Pressemitteilung der Stadtratsfraktion: Einrichtung der Stelle eines Behindertenbeauftragten

Die Fraktion DIE LINKE unterstützt die Empfehlung des städtischen Inklusionsbeirats schnellstmöglich die seit der Pensionierung von Herrn Wildt nur kommissarisch besetzte Stelle eines Behindertenbeauftragten als hauptamtliche Stelle in Vollzeit auszuschreiben. Die von der Vorsitzenden des Inklusionsbeirats aufgeführten Aufgabenfelder lassen, unserer Meinung nach, nichts anderes zu.
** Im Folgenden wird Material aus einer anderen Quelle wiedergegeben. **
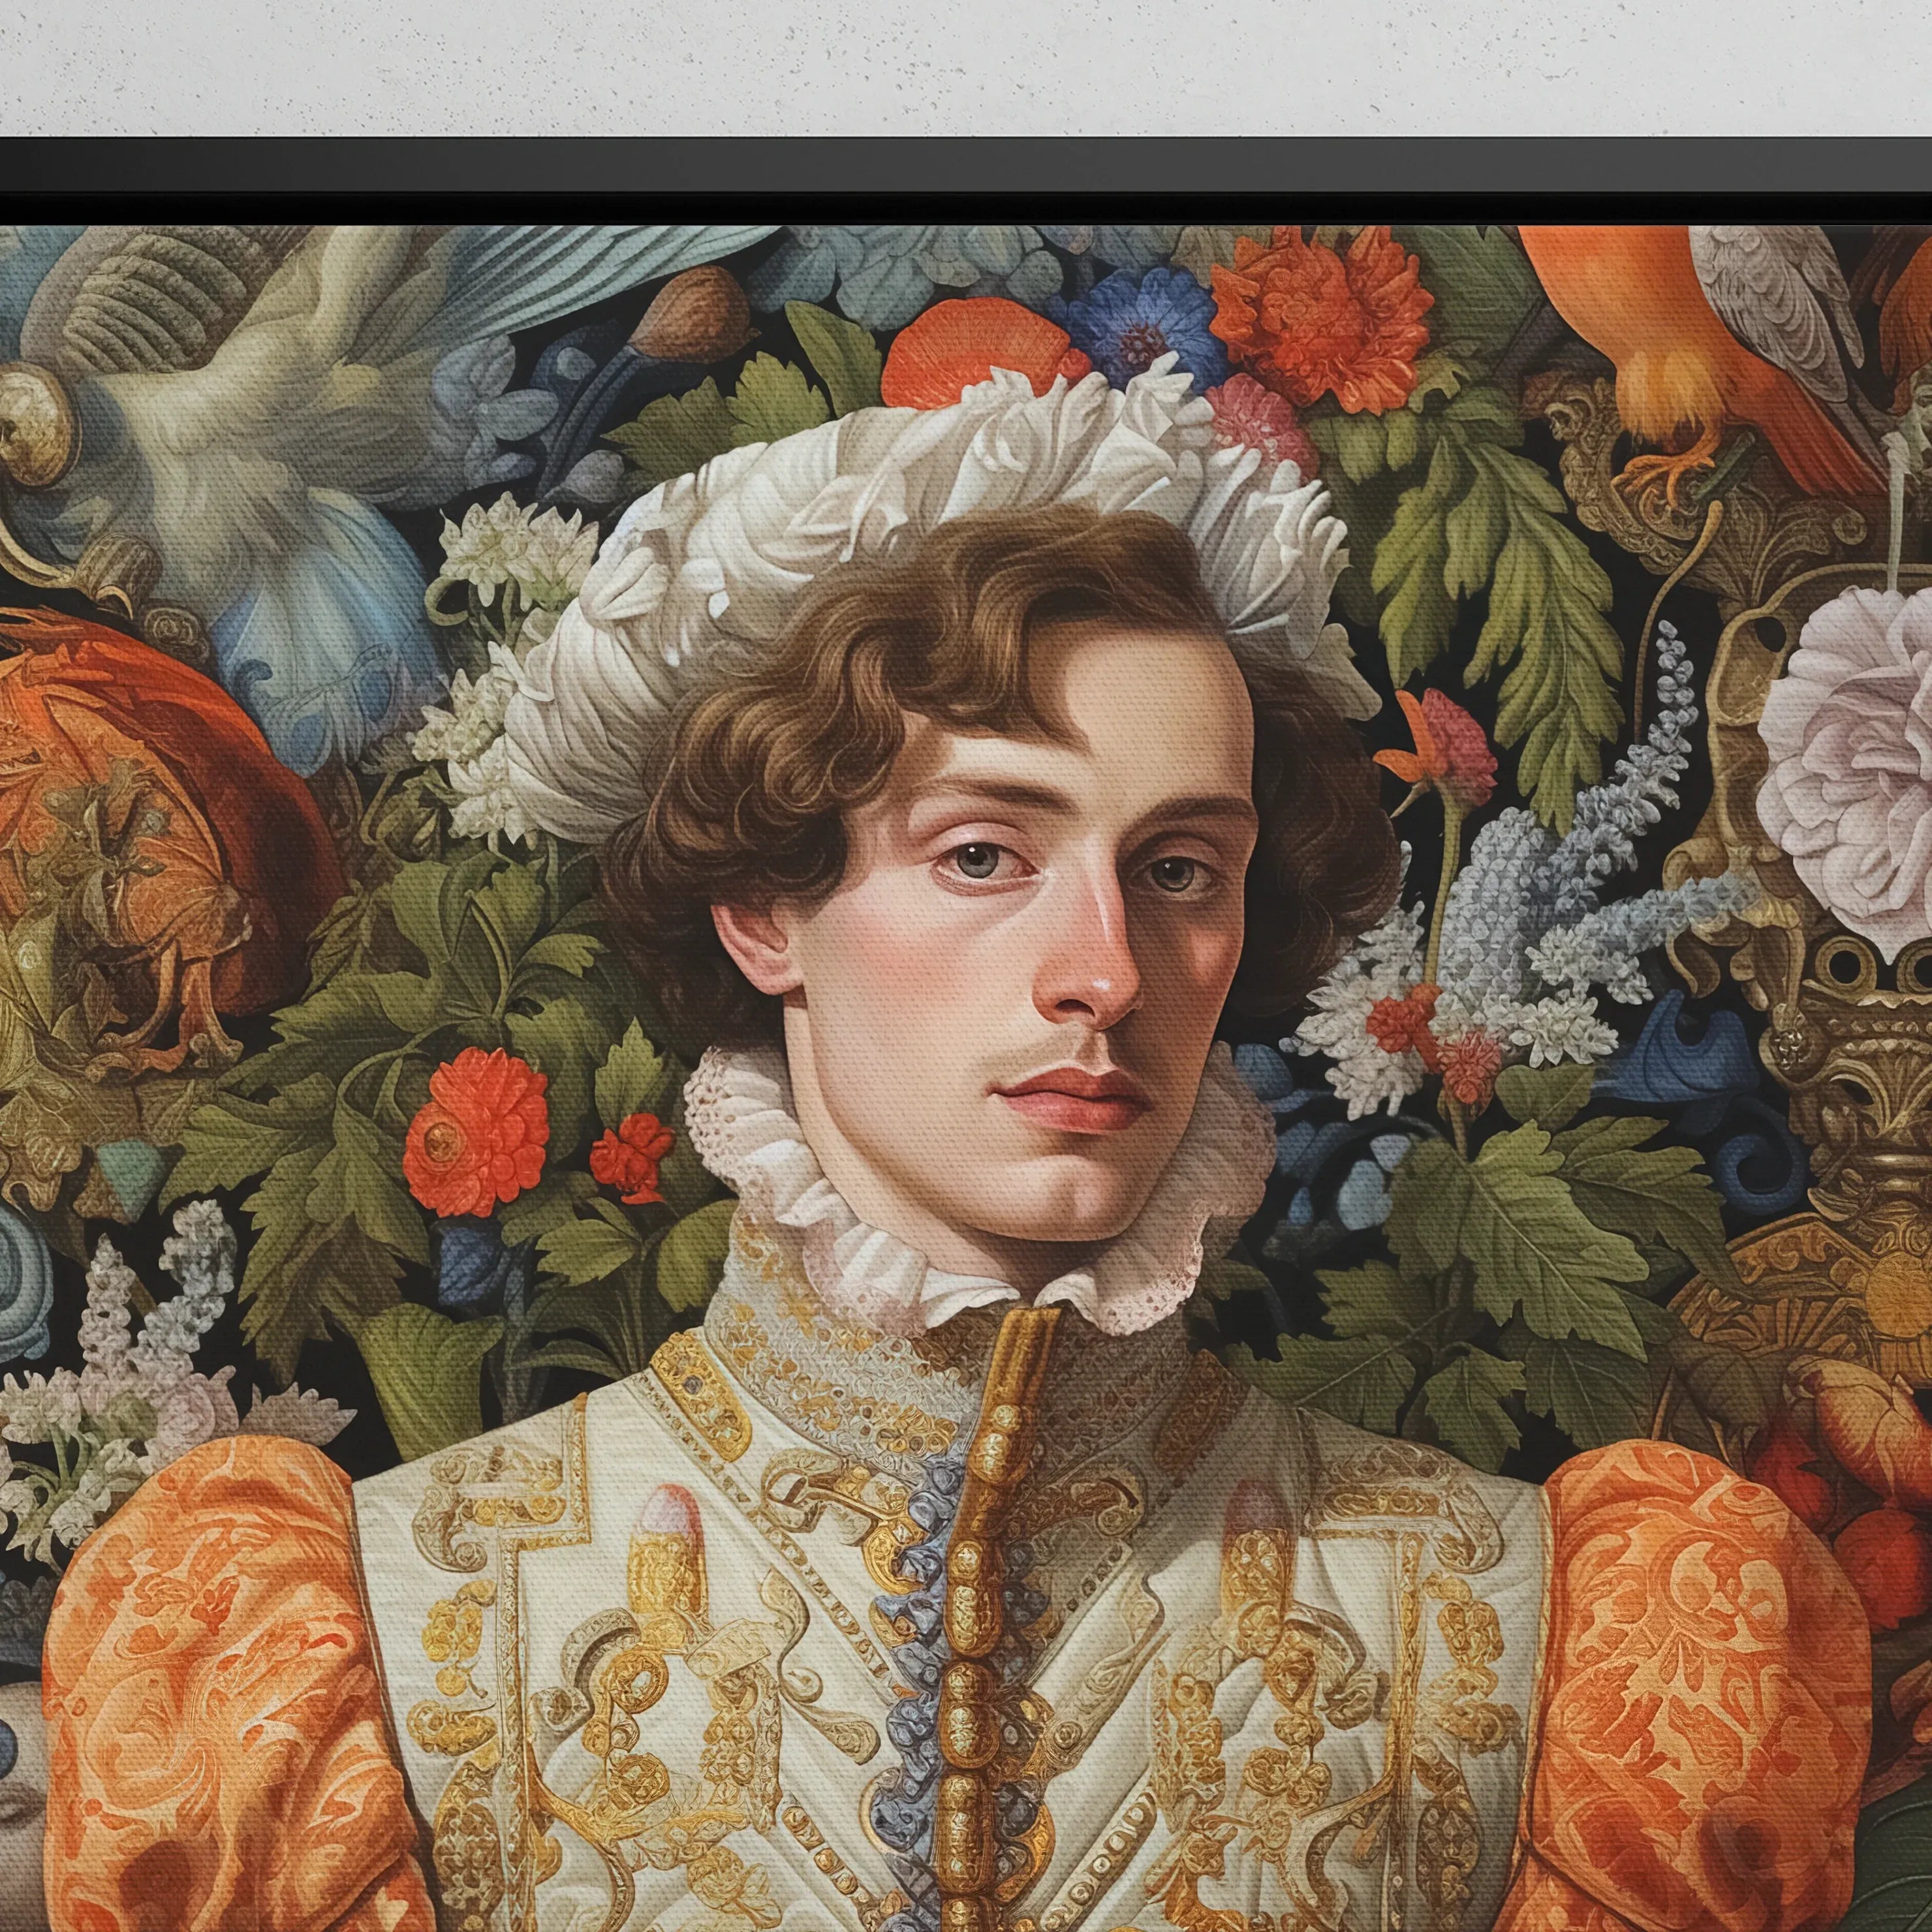 Prince Hugo - Gay German Royalty Renaissance Queerart Canvas - Posters Prints & Visual Artwork - Aesthetic Art

In Anbetracht der Situation von physisch und kognitiv beeinträchtigten Menschen in Kaiserslautern, die durch die derzeitige Lage noch verschärft wird, ist zu prüfen, ob für die Beratung Behinderter und die Geschäftsführung des, in seiner Arbeit stark beeinträchtigten Inklusionsbeirats eine Zwischenlösung in Form der Abstellung einer Person aus der Stadtverwaltung allein für diesen Arbeitsbereich möglich ist.

Darüber hinaus braucht der Inklusionsbeirat dringend eine eigene Seite auf der Homepage der Stadt um für Betroffene als Ansprechpartner sichtbar zu sein.

Wir beziehen uns mit unserer Stellungnahme auf die Pressemitteilung des Inklusionsbeirats vom 17.03.2020.

In diesem Zusammenhang möchten wir daran erinnern, dass die Stadt Kaiserslautern der „Erklärung von Barcelona“ aus dem Jahre 1995 beigetreten ist und sich damit den weitreichenden Forderungen zur Partizipation und Gleichstellung von beeinträchtigten Menschen verpflichtet hat.